→ **Dataset section**:
►

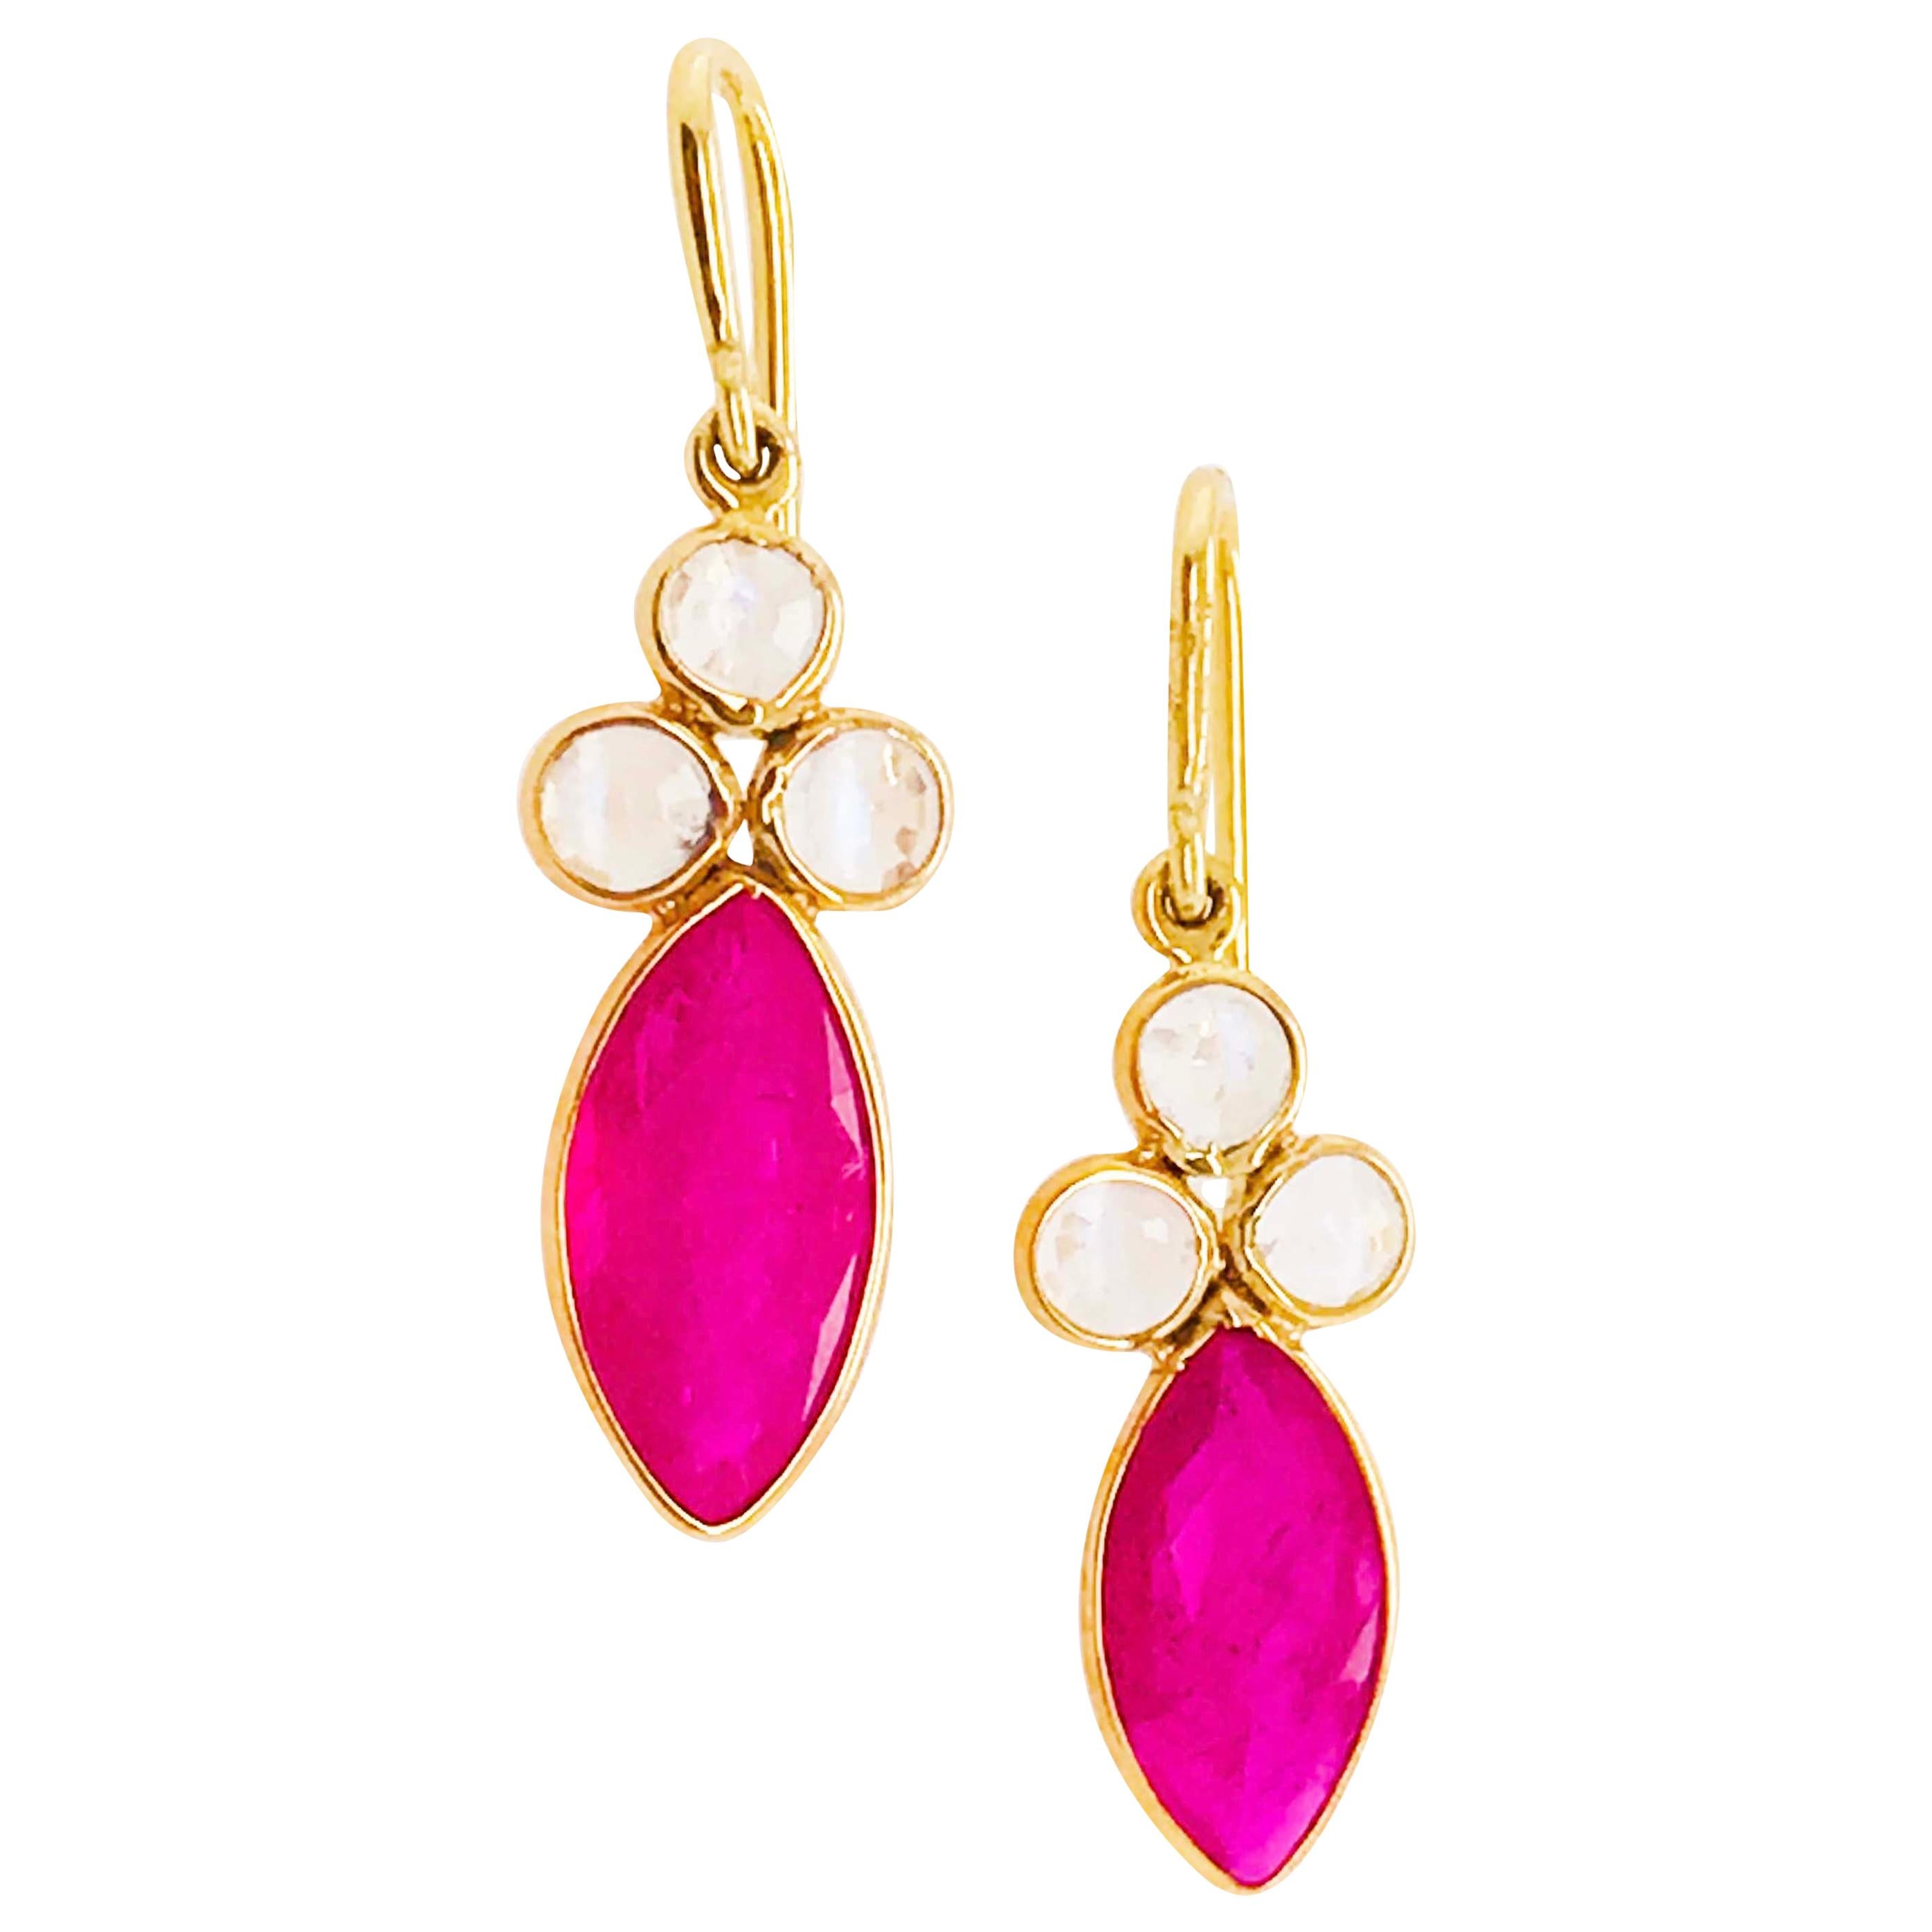 Ruby and Rainbow Moonstone Earrings, 18 Karat Yellow Gold Earring Dangles
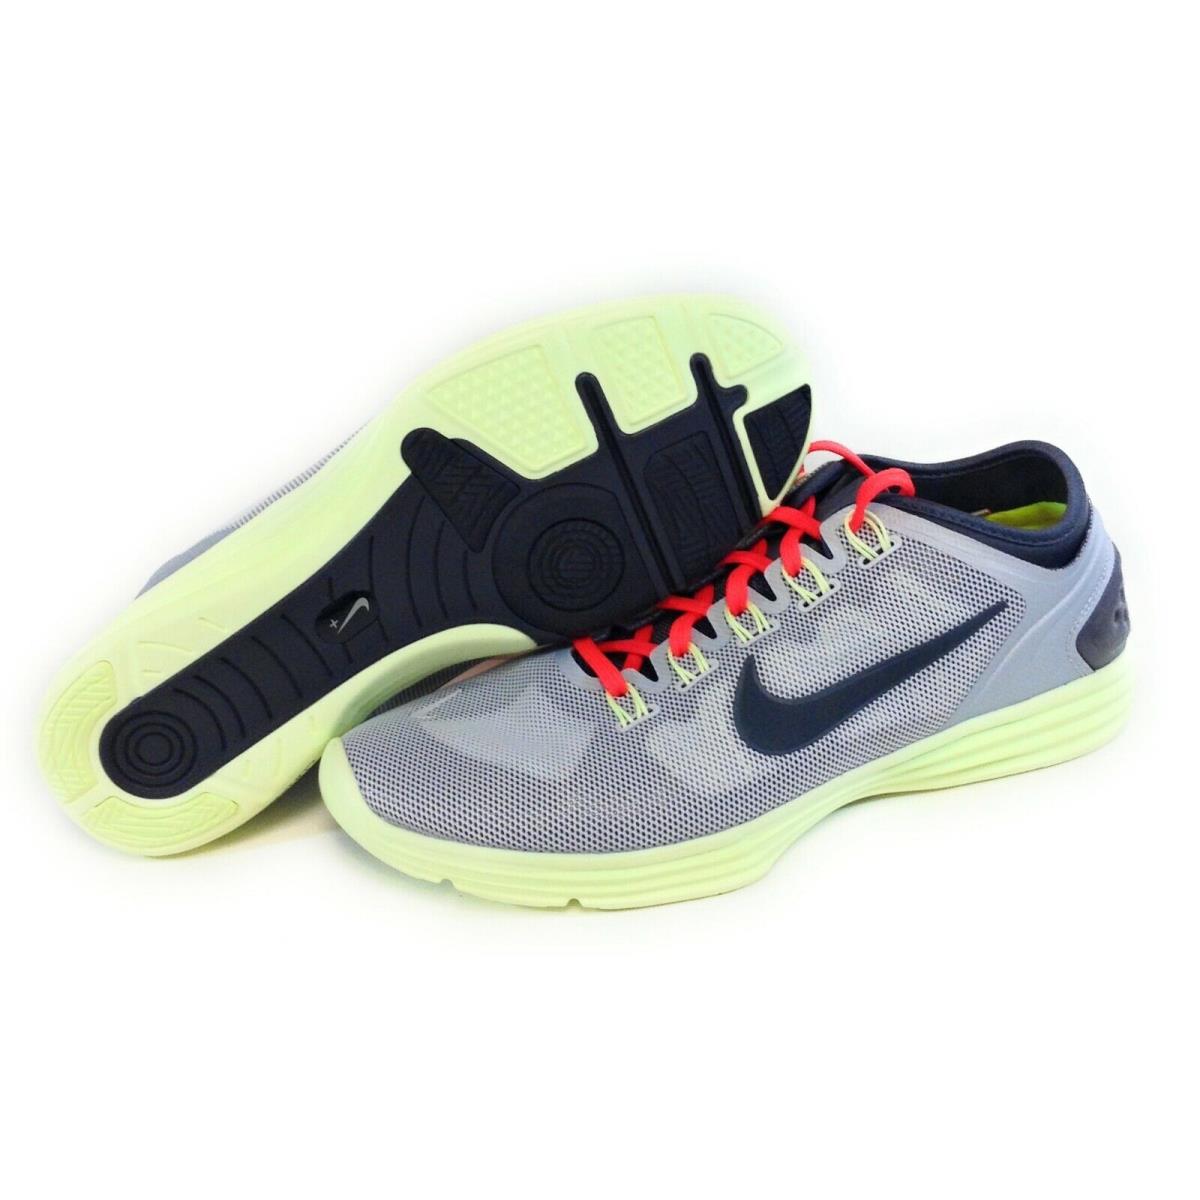 Womens Nike Lunarhyperworkout + 598395 003 Platinum Grey 2012 DS Sneakers Shoes - Platinum
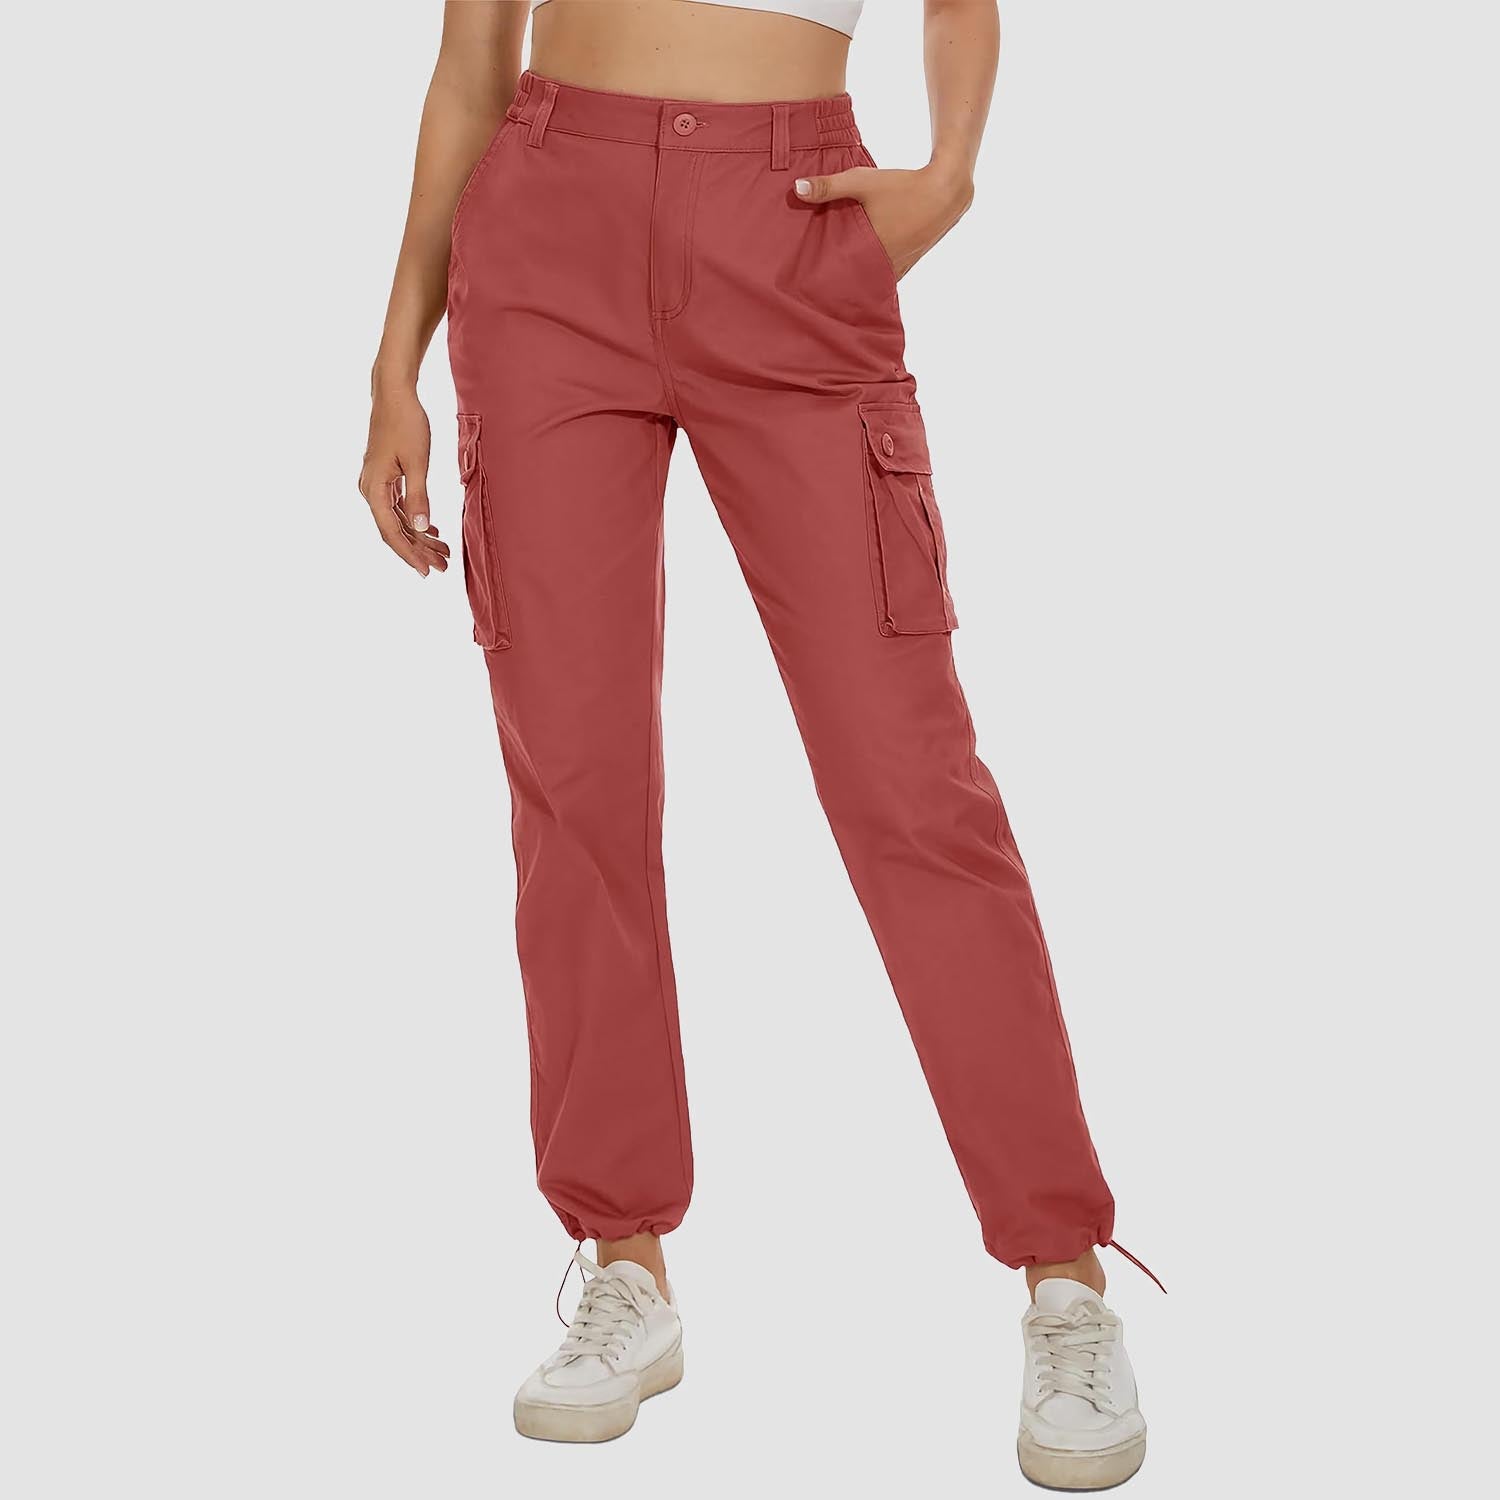 Women's Cargo Pants Cotton Work Pants Casual Stylish Elastic

◄

→ **Your objective**: Set down the material above exactly as it reads, but not its pictures.

→ **Written response**:
 Ruby and Rainbow Moonstone Earrings, 18 Karat Yellow Gold Earring Dangles
 Womens Nike Lunarhyperworkout + 598395 003 Platinum Grey 2012 DS Sneakers Shoes - Platinum
 Women's Cargo Pants Cotton Work Pants Casual Stylish Elastic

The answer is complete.